Feb 11 16:42:06 +0000 [NODE_0b2f10: scsi_cmdblk_strthr_admin: scsi.cmd.checkCondition:error]: Disk device 1a.00.6: Check Condition: CDB 0x88:000000019a5ef168:00000008: Sense Data SCSI:aborted command - (0xb - 0x2f 0x10 0x0)(4503).

Node Root Aggregate:

If more drives are failed than RAID tolerance (>1 RAID 4, >2 RAID DP or >3 RAID-TEC), the node will not boot due to missing node root volume. Messages similar to this may be seen on the console:

[{nodename}:raid.assim.tree.noRootVol:error]: No usable root volume was found!

If fewer drives are failed than RAID tolerance (1 RAID 4, 2 RAID DP or 3 RAID-TEC), the node will stay online and RAID reconstruct will begin to replace the missing drives.

Data Aggregate:

If more drives are failed than RAID tolerance (>1 RAID 4, >2 RAID-DP or >3 RAID-TEC), the aggregate will be failed and all data volumes within the aggregate will be unavailable.

Nodeshell aggr status –r or sysconfig -r output shows this failure:

Aggregate {aggrname} (failed, raid_dp, partial) (block checksums)

    Plex /{aggrname}/plex0 (offline, failed, inactive)

If less drives are failed than RAID tolerance (1 RAID 4, 2 RAID-DP or 3 RAID-TEC), the aggregate will stay online and RAID reconstruct will begin to replace the missing drives. All data volumes will remain available.

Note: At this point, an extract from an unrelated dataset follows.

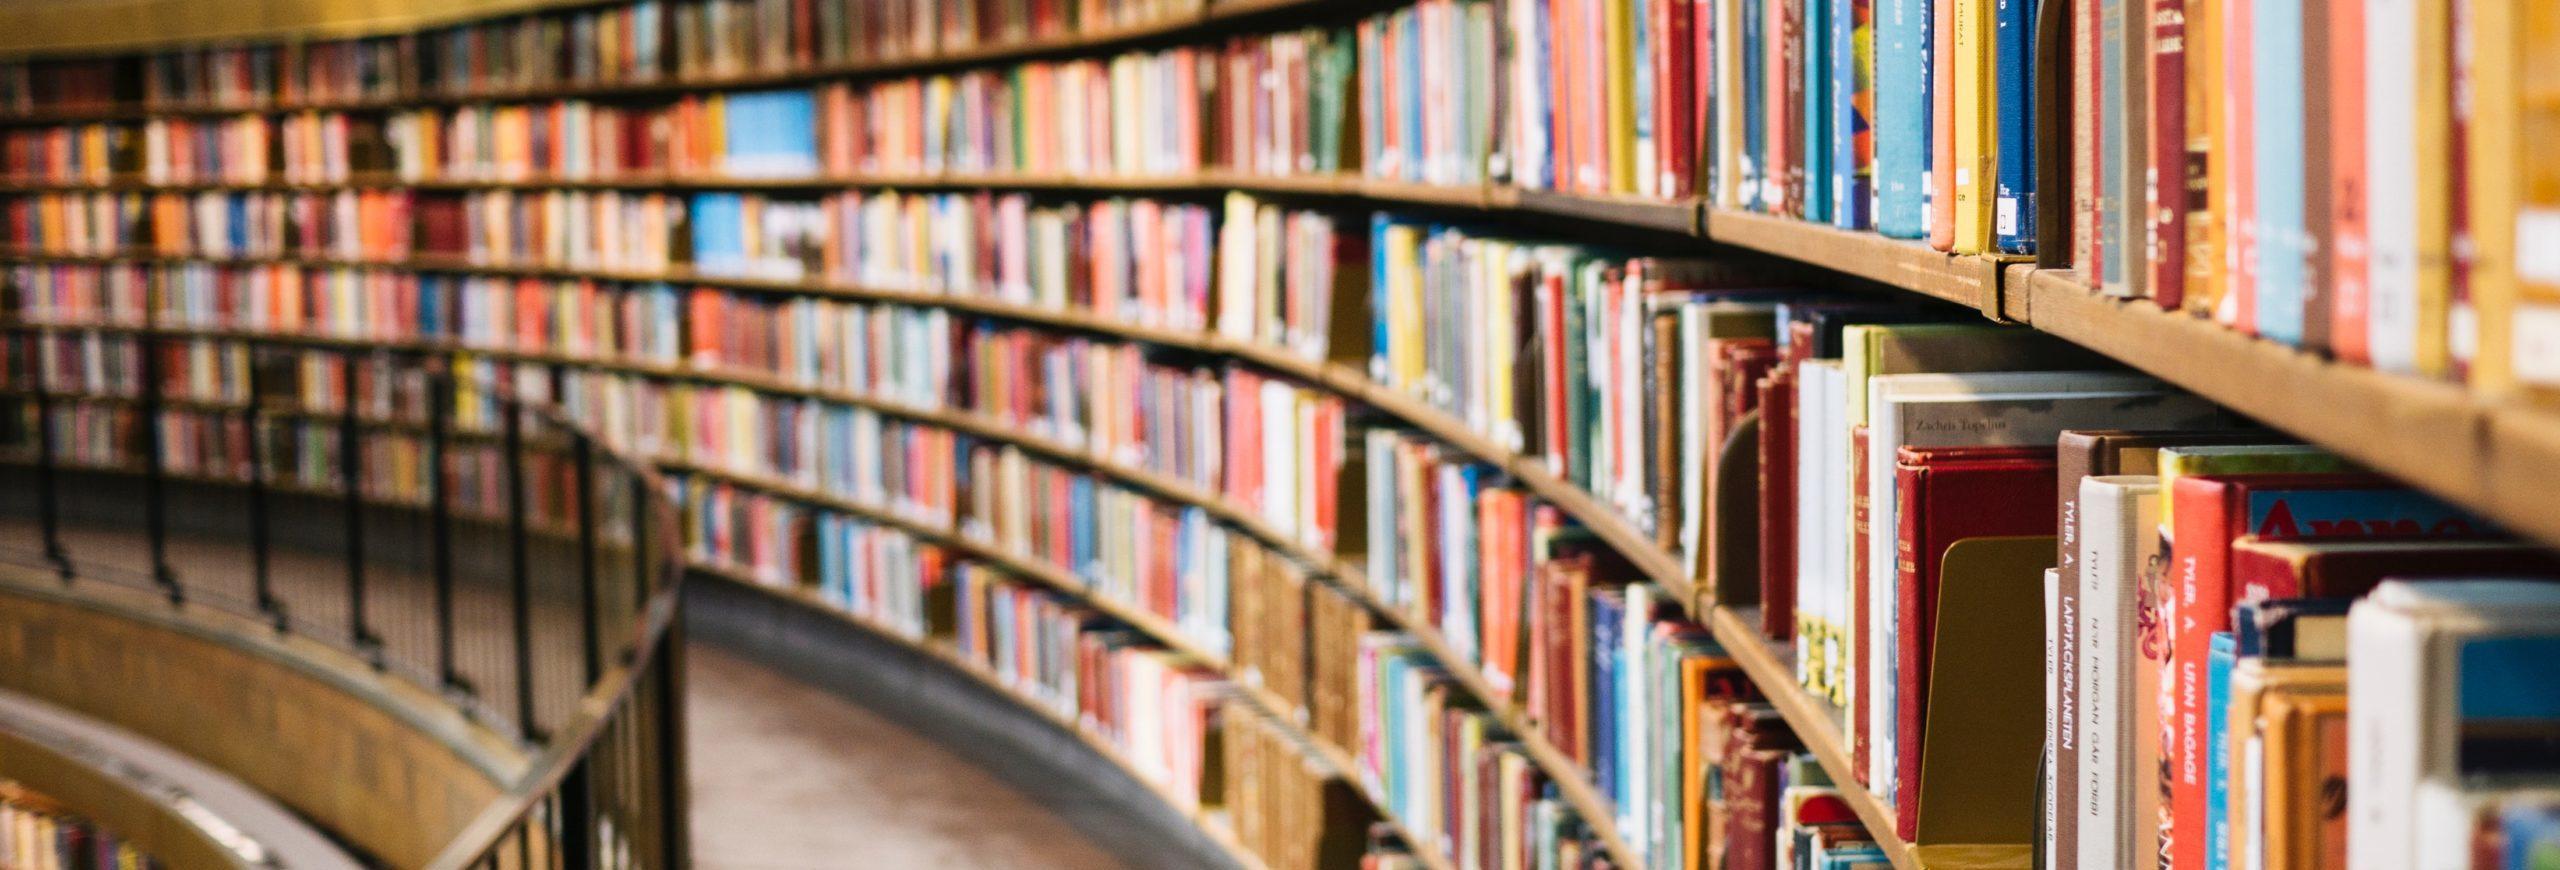 Shelfs full of books in a library ©Susan Yin, unsplash.com
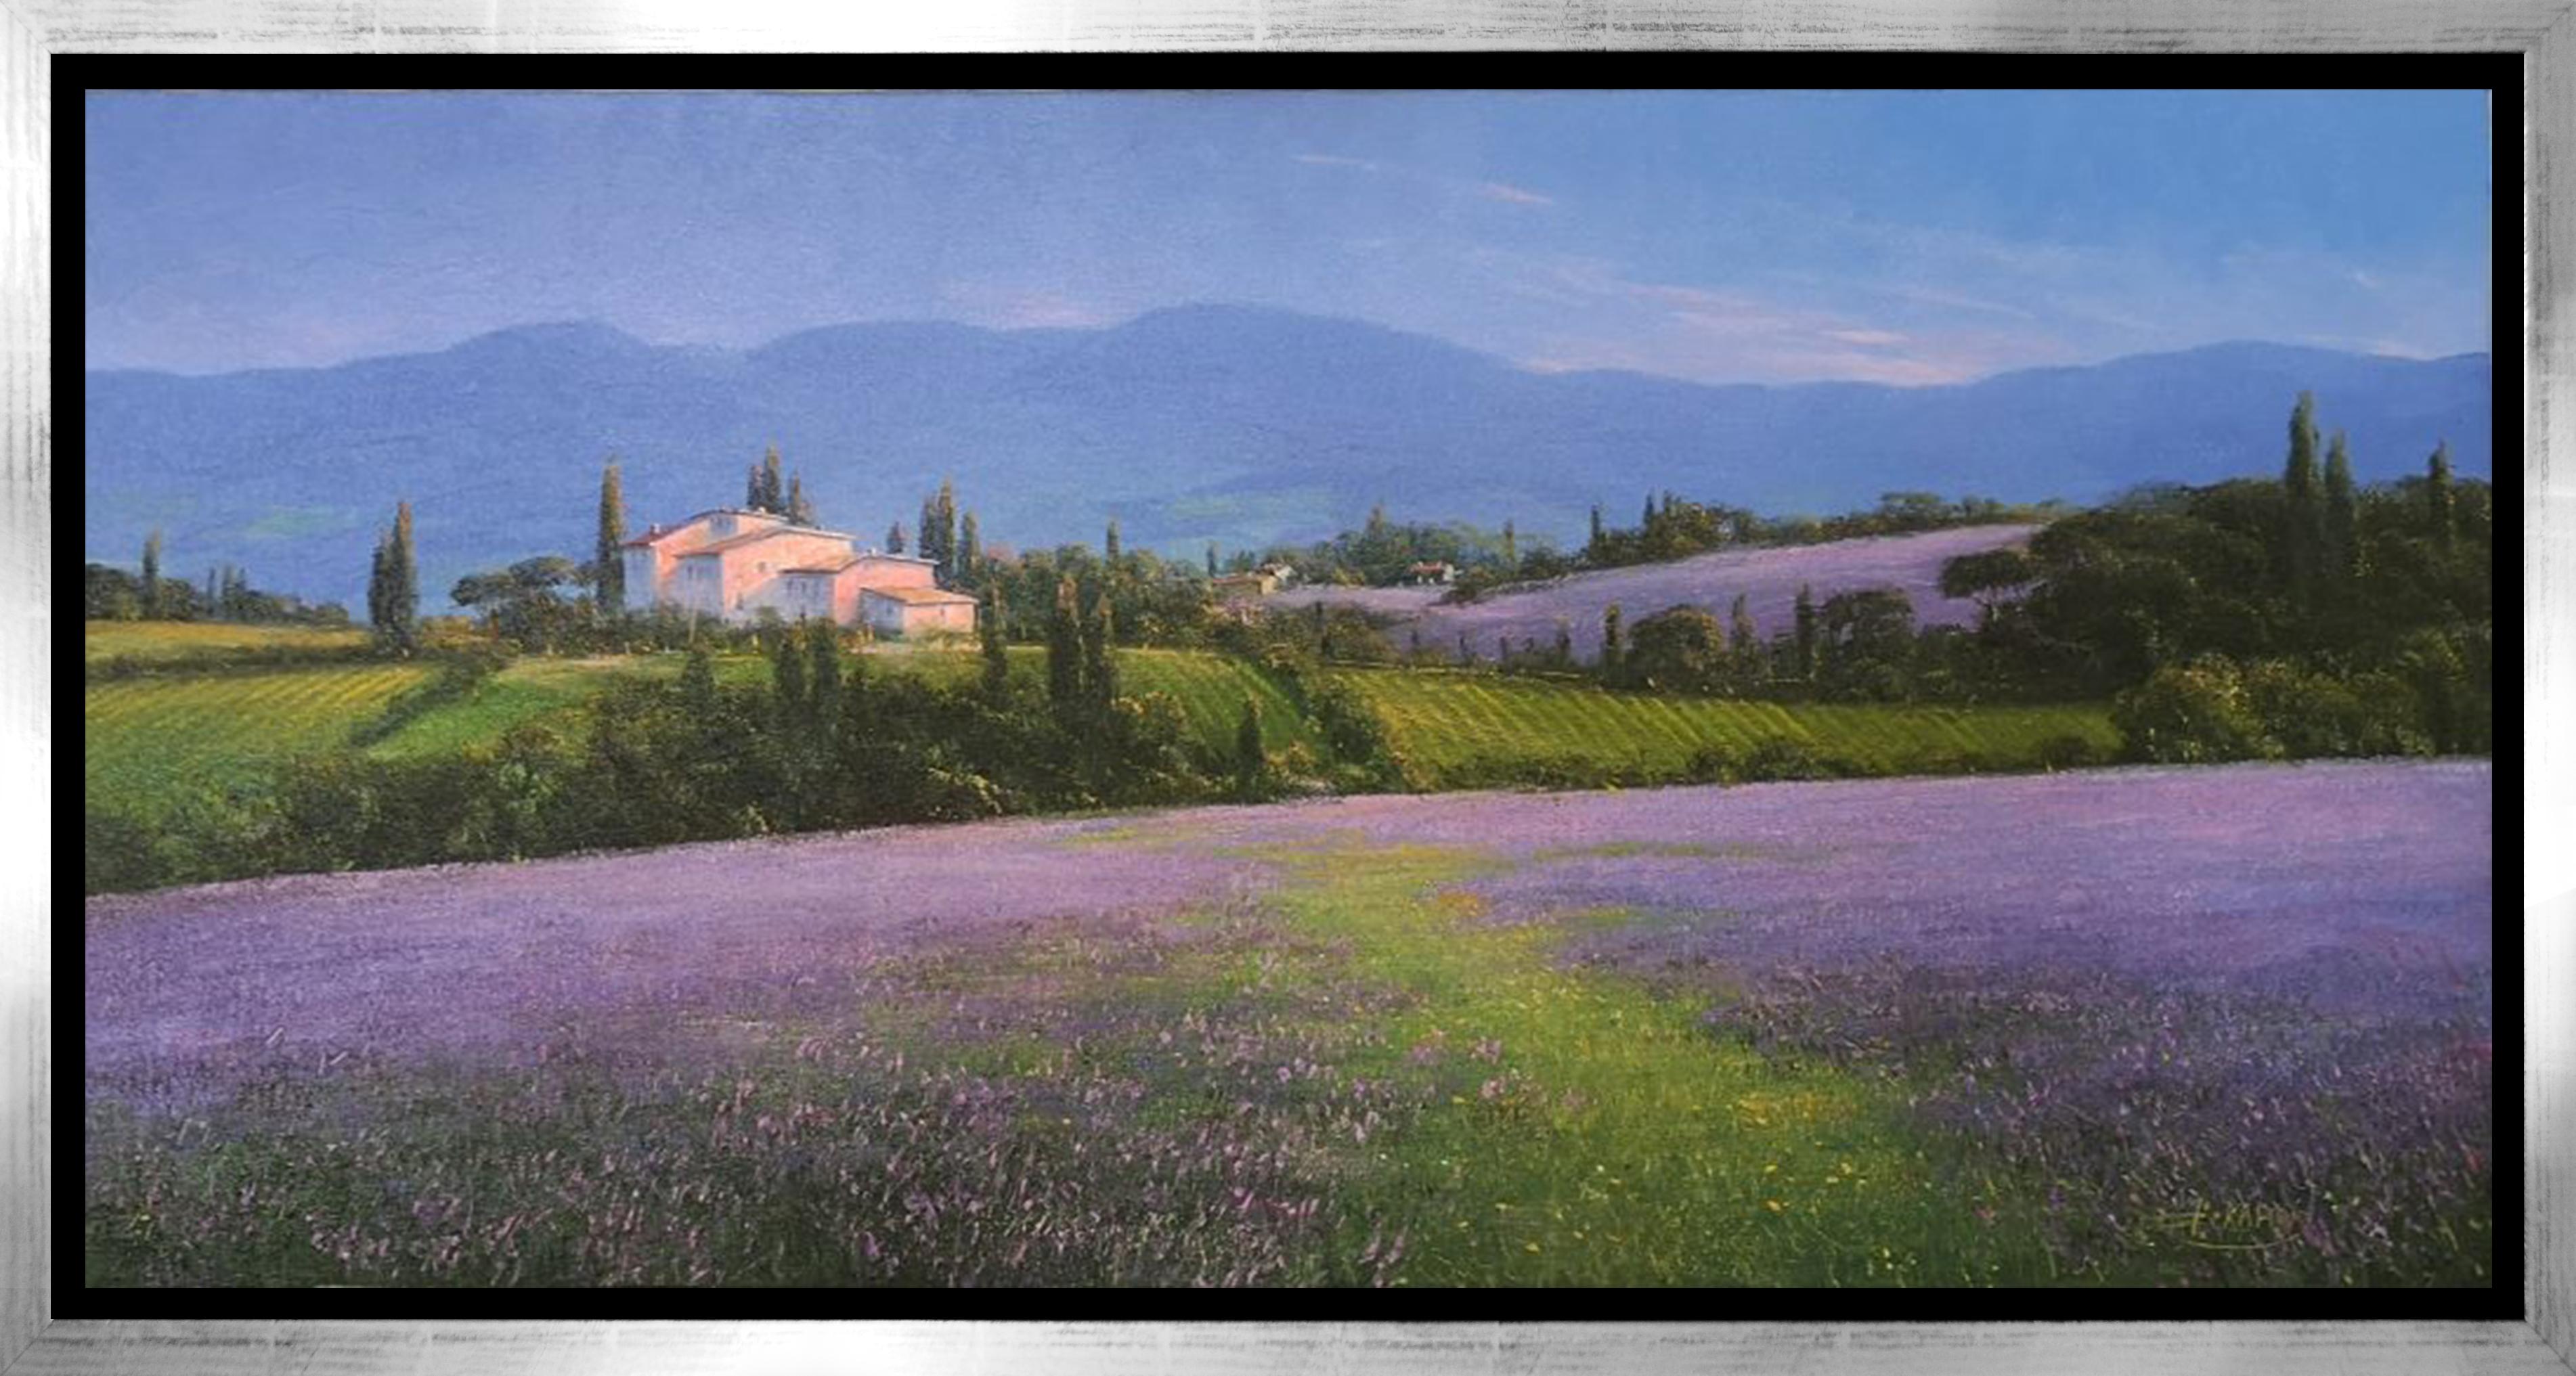 Detlef Rahn - Toskana / Lavendelfelder , 7840-006-184

Note: In any event, where more drives are failed than RAID tolerance, immediate engagement with technical support is strongly recommended.

Solution

Please download updated firmware for your drives from the Drive Firmware Download page on the NetApp Support site. Also, automatic firmware downloads and updates are available in our current recommended release of ONTAP 9.10.1.

Additional Information

See Bug 1529178

In accordance with the Support Services terms, always update NetApp products with the latest version of firmware and software to provide the best reliability, availability, and serviceability:

Hot spare drives: To best maintain the continuous presence of hot spare drives available in the system, maintain the minimum recommended number of hot spares, and follow the standard drive replacement process if a drive fails.

Active IQ System Risk Detection:

For customers who have enabled AutoSupport on their storage systems the Active IQ Portal provides detailed System Risk reports at the customer and site and system levels. The reports show systems that have specific risks as well as severity levels and mitigation action plans. Drives that are not running the latest firmware is an example of such a risk. Not upgrading to the most current drive firmware could leave the storage appliance vulnerable to undesirable behavior.